What the task asks => Lines from the records below that contain the word "hình" are to be copied out.

Items from a dataset =>

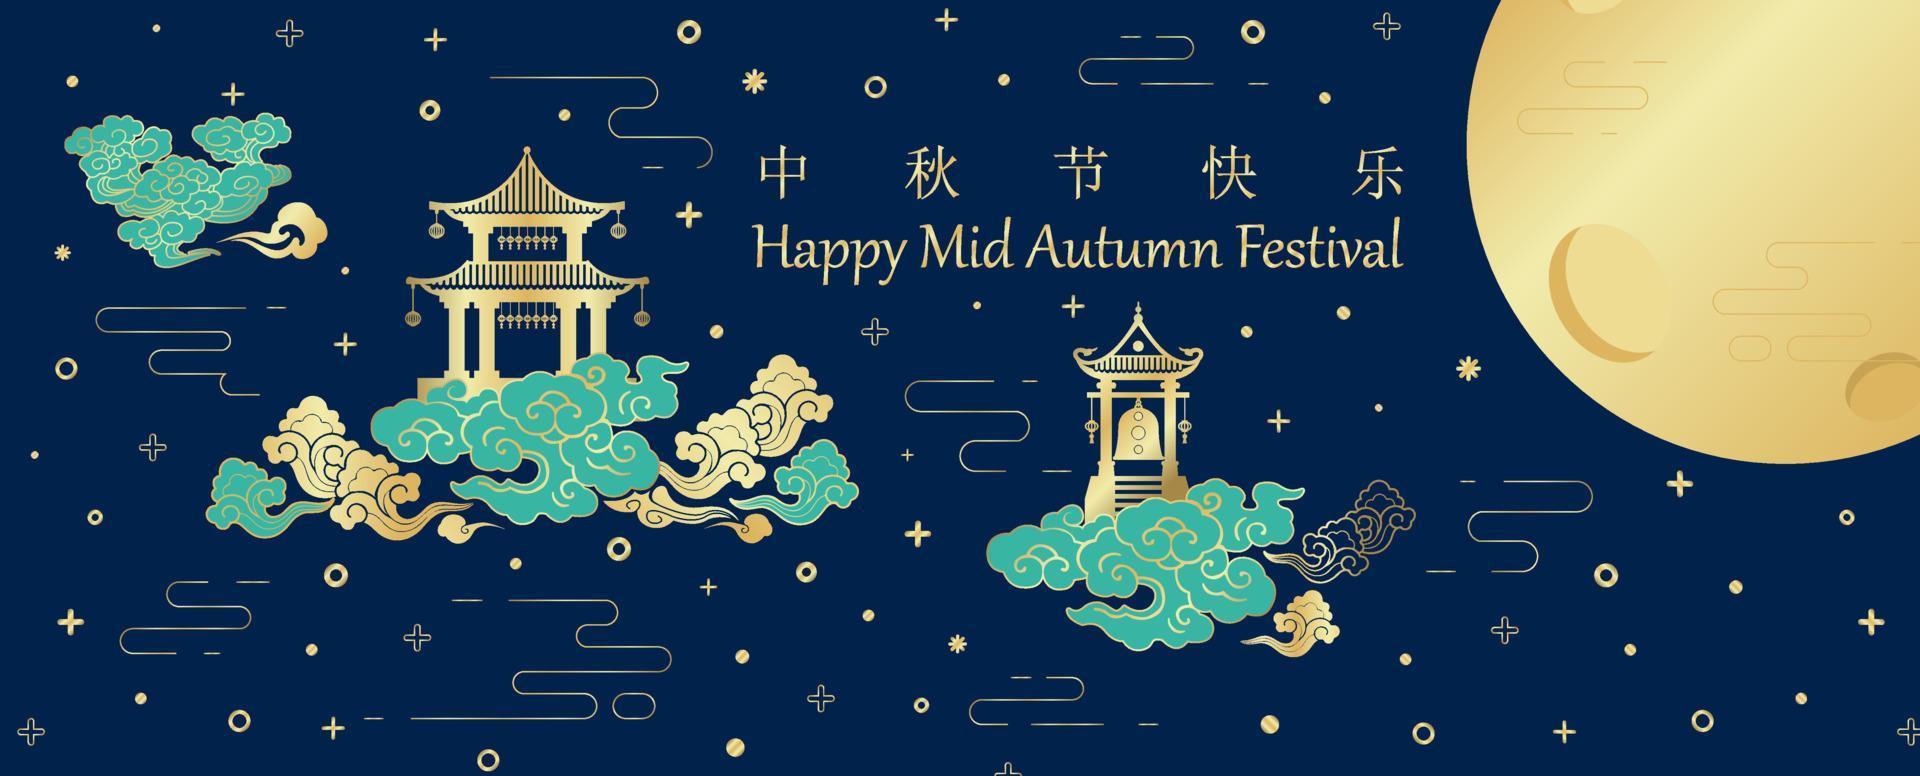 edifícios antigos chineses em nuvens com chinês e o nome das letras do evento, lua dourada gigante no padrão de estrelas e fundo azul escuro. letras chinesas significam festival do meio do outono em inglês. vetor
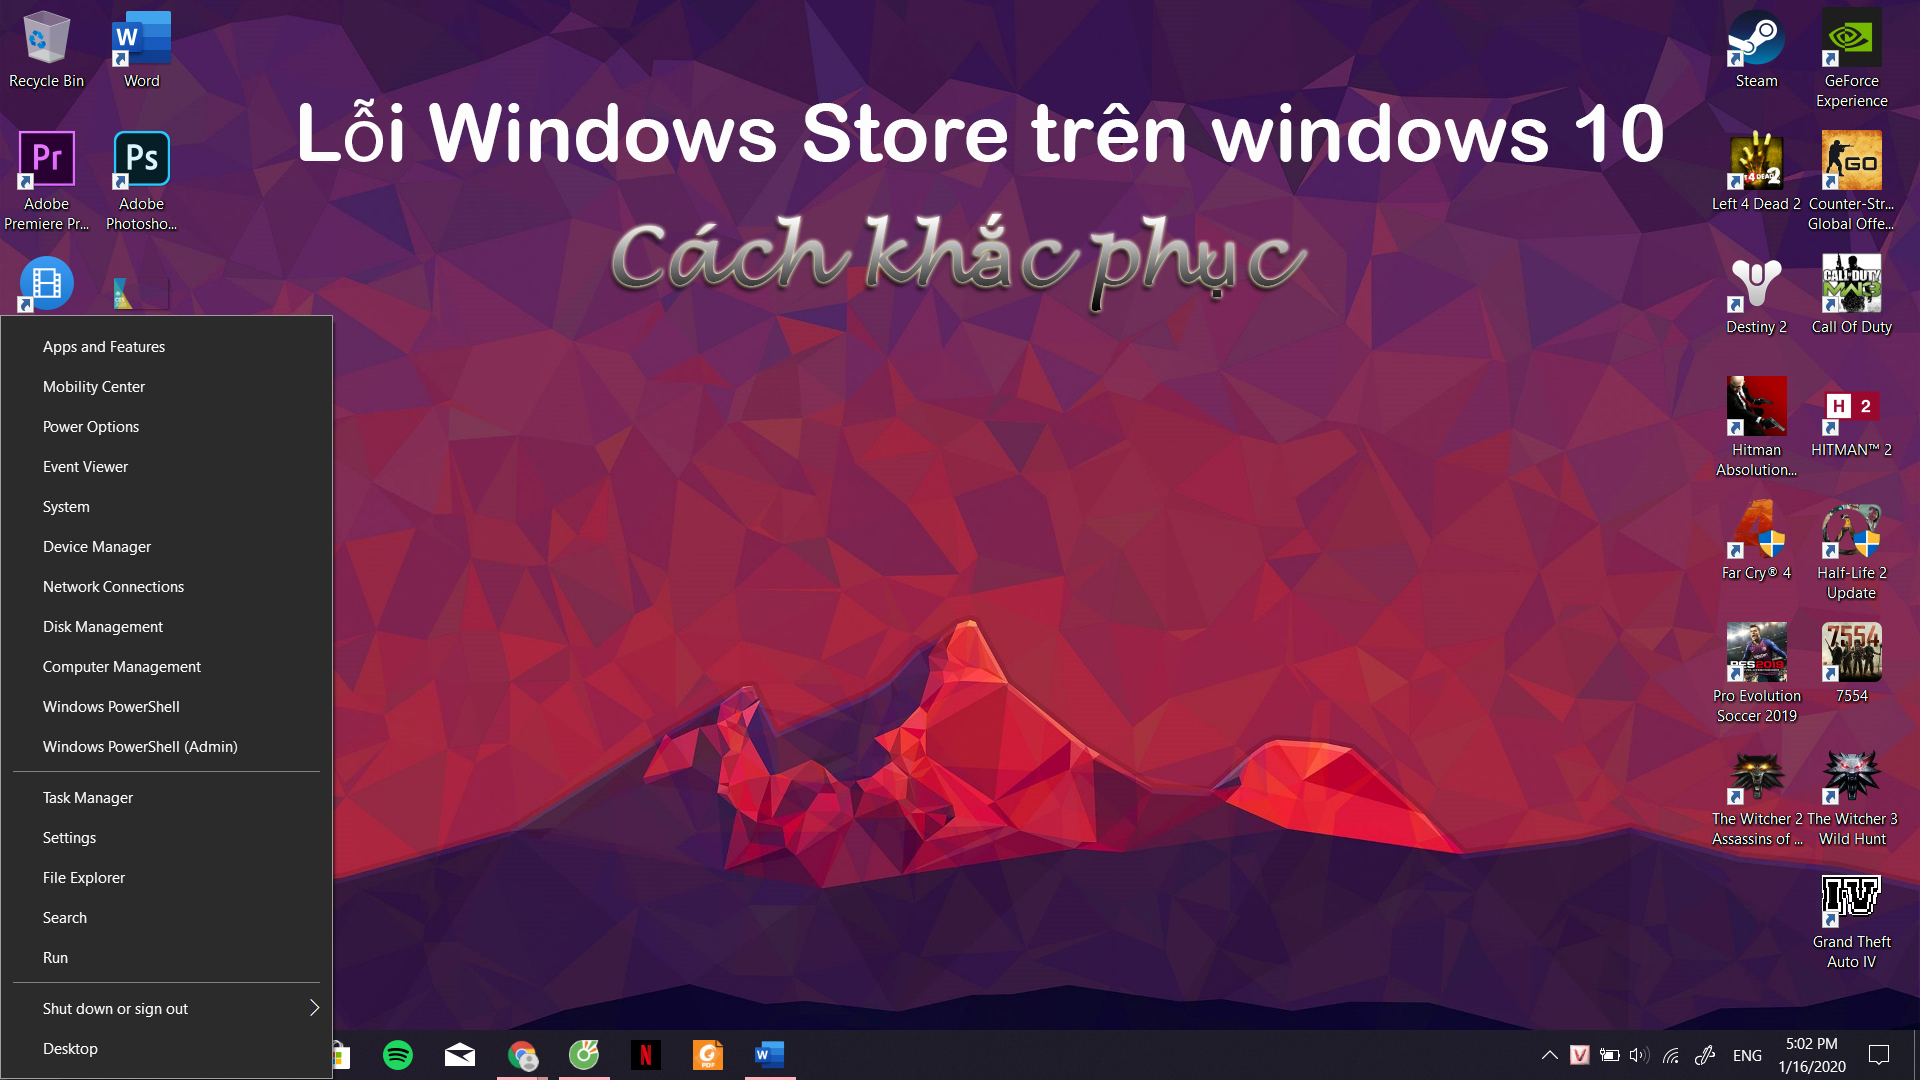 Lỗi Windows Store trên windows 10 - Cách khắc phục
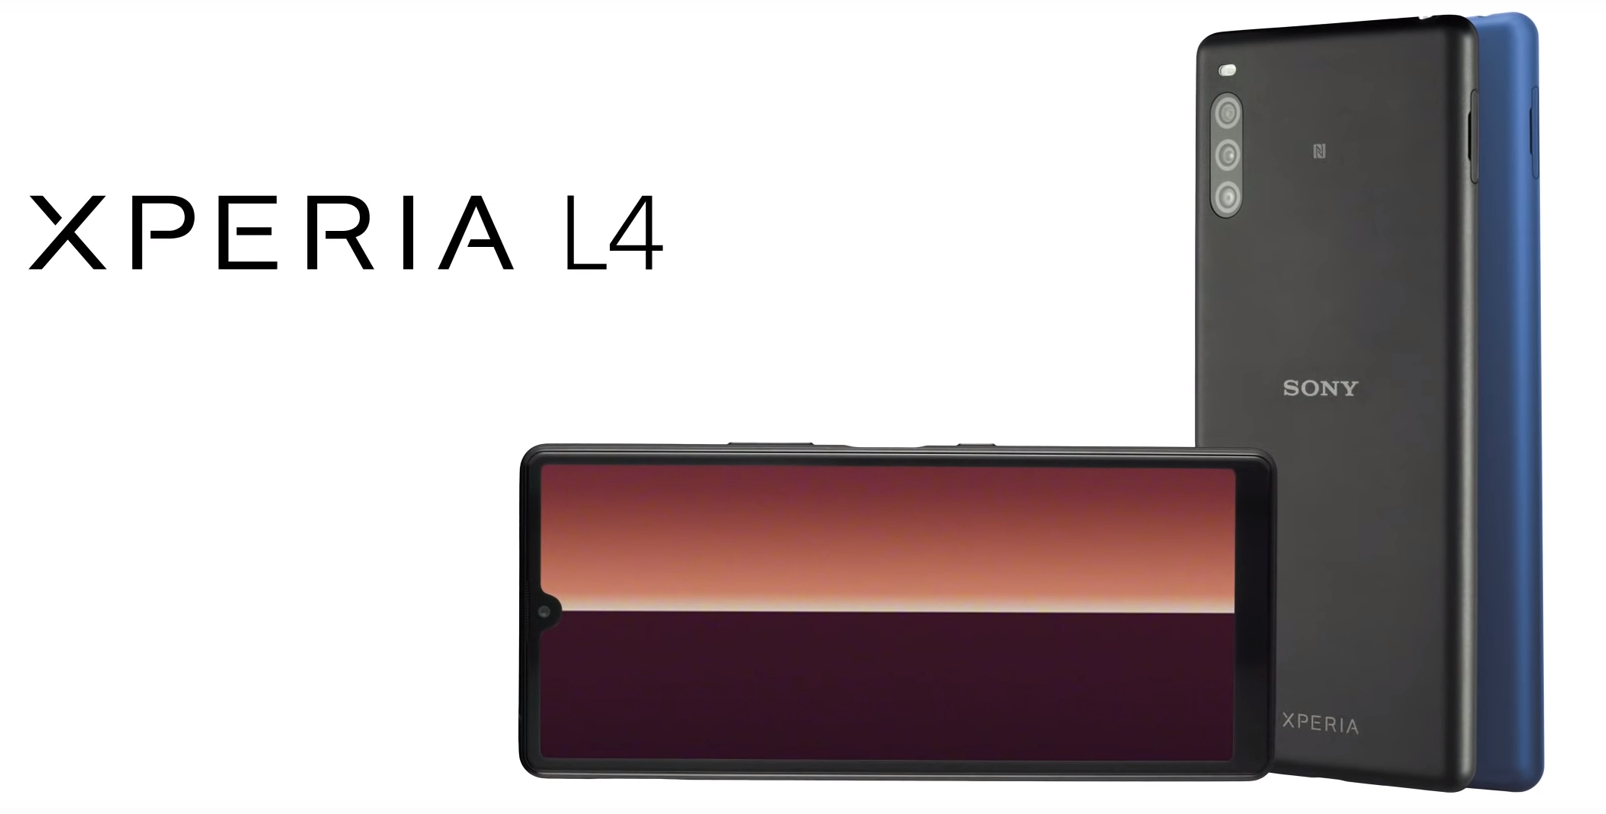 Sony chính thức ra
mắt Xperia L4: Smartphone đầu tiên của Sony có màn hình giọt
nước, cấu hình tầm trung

Task result =>
mắt Xperia L4: Smartphone đầu tiên của Sony có màn hình giọt
nước, cấu hình tầm trung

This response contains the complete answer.